Lymur stopped walking and stood on the pavement with his chin in his hand trying very hard to remember something. He tapped his chin twice. Tilted his head left, then right. He held up a finger like a point was about to be made, then lowered it. And tilted his head the other way.
This street…
"Now where have I seen this before…"
He knew this street for sure. He'd walked it before, he was certain of that, but he was approaching from a different direction and the angle was throwing him off. He stayed with it, eyes narrowed, finger back up —
"Oh. Oh! Lara!"
That was it. Lara lived around here somewhere. The old woman who'd asked him for help with a bag of groceries and then handed him significantly more money than the situation required and told him to take care of himself, and whose name he had thought about a few times in the three years since. He'd been meaning to come back and visit for, well, three years — which was not great, but he was here now.
He thought it would be nice to see her again, so he looked around for someone to ask.
The first person he stopped, a man buying bread from a nearby stall, recognized him immediately, which was normal, but then got a slightly odd look on his face when Lymur asked about the old woman on this street.
"Right… she lived somewhere around here."
He gave directions, pointing Lymur further down the road, but there was something off about his expression.
"Thanks," Lymur said, and kept walking.
The second person he asked did the same thing.
"Hey, do you know Lara? Old lady, lives around here?"
She recognized him, answered the question, but with that same uncertain look. Eyes going somewhere else for a second before coming back.
What is that about, Lymur thought, frowning slightly.

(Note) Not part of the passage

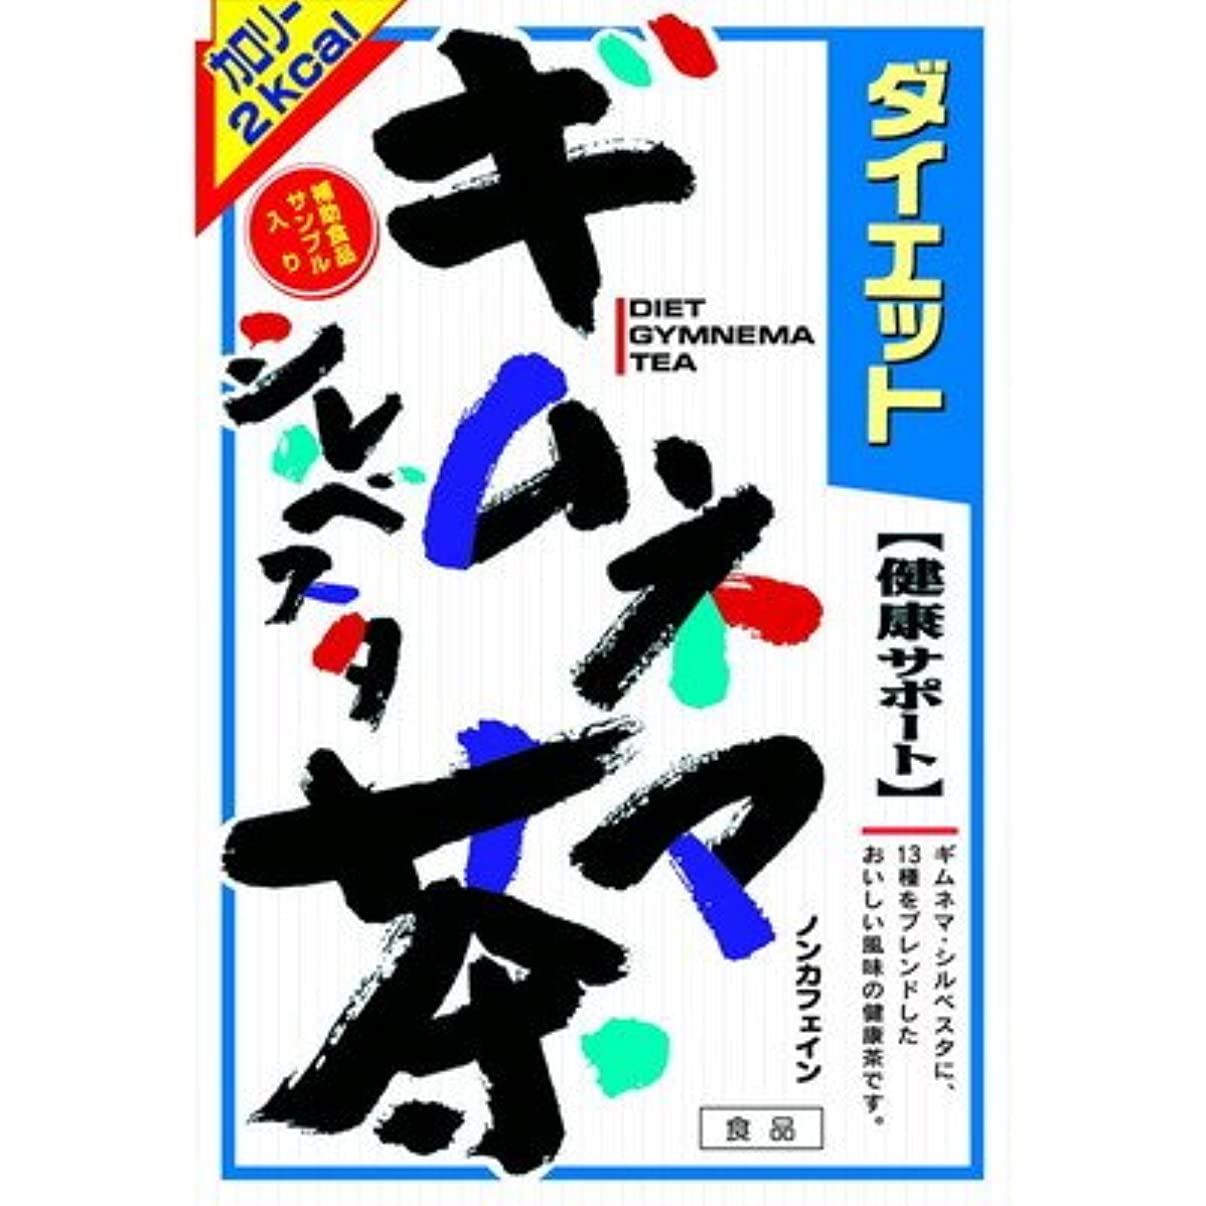 によって肘氏山本漢方 ダイエットギムネマシルベスタ茶 8g x 24包【2個セット】

He kept going, too focused on finding the house to think much more about it.
Eventually—
"Hmm. This should be it."
He knew it was the right house, but it took him a moment to see the tape across the entrance. Yellow and marked with official text.
CRIME SCENE — NO ENTRY
A couple of uniformed investigators moved around inside, visible through the open front door.

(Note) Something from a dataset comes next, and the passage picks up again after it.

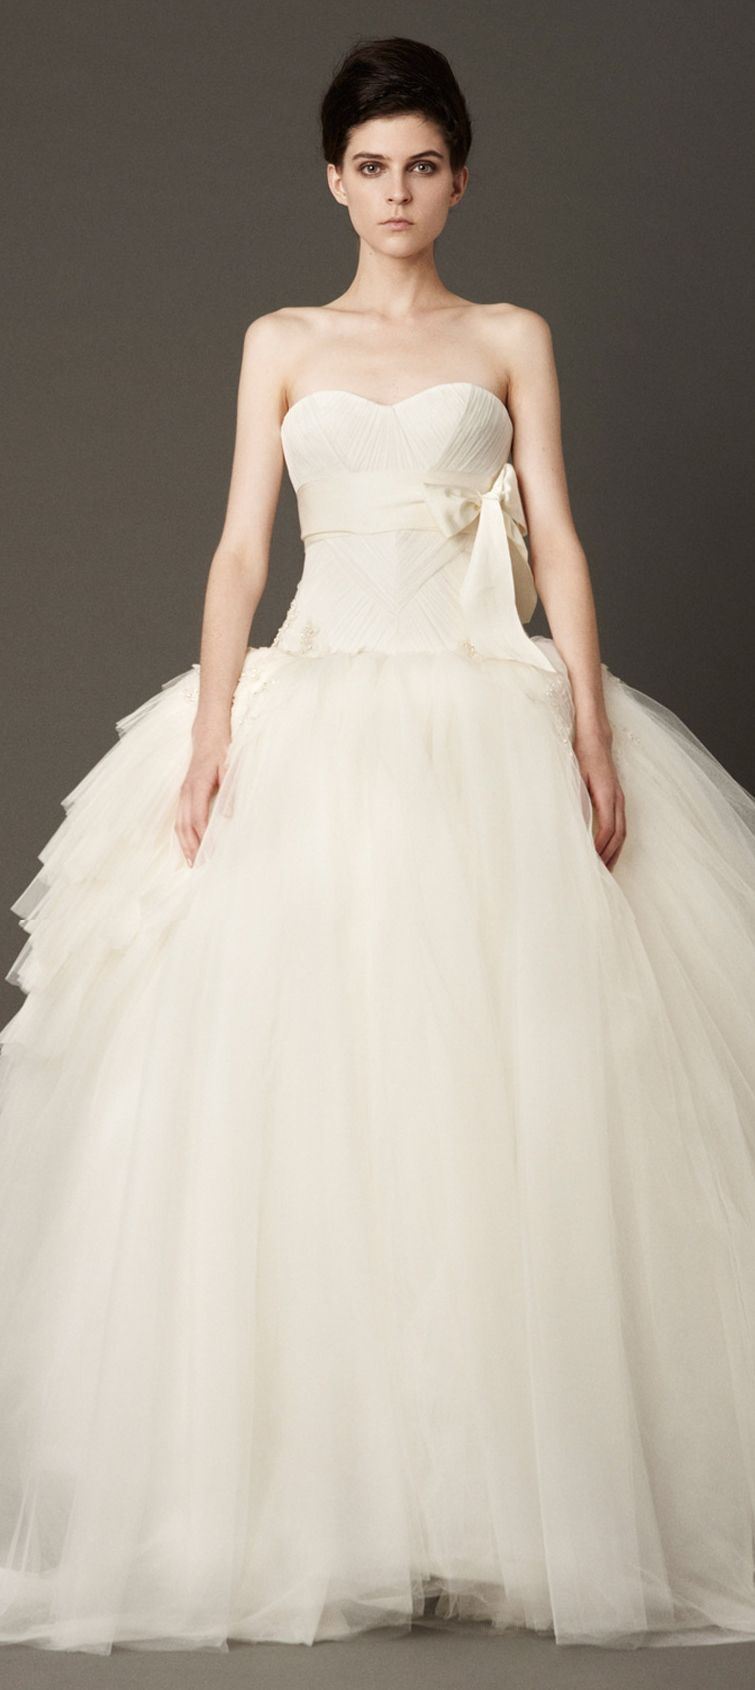 Vera Wang - BRIDAL COLLECTION FALL 2013 - Louisa | Bridal Dresses ...

Oh, he thought. He already knew what to expect, but he went inside anyway.
An investigator near the door moved to stop him immediately. "Sir, this is a restricted — " and then stopped, and stared. "— oh. Sir Lymur. My apologies, I didn't — "
"What happened here?" Lymur asked.
He hadn't meant it to come out as flat as it did. The investigator straightened his back and switched into professional mode as he explained.
Apparently, it happened two days ago. Two AA-class adventurers with an existing rivalry had crossed paths in Xyrus at the same time. A battle broke out. Three people in the surrounding area ended up dead as collateral and Lara was one of them.
Lymur listened to all of it without speaking.
He'd noticed the infrastructure damage on the surrounding blocks when he walked over, but for two AA-class adventurers going at each other, it was actually pretty minor.
"That's not much damage for two AAs," he said.
"From what witnesses say, it was short and more of a provocation than a real fight." The investigator paused. "But three people still died, and given that both adventurers have significant legal history and a rivalry that's been going on for years, the courts are having a hard time establishing clear culpability."
Having difficulty, Lymur thought. He said nothing. Yeah, right.
"Did you know the resident personally, sir?"
"Yes," Lymur said. Then, after a second, "She was a very good lady." He held out his hand. "The profile papers on the two adventurers… do you have them?"
The investigator hesitated for only a moment before taking them out and handing them over. Lymur took them, folded them once, and tucked them into his coat. He thanked the investigator and turned for the door.
He stopped just before stepping off the property.
"The funeral," he said, without turning around. "Any idea when it is?"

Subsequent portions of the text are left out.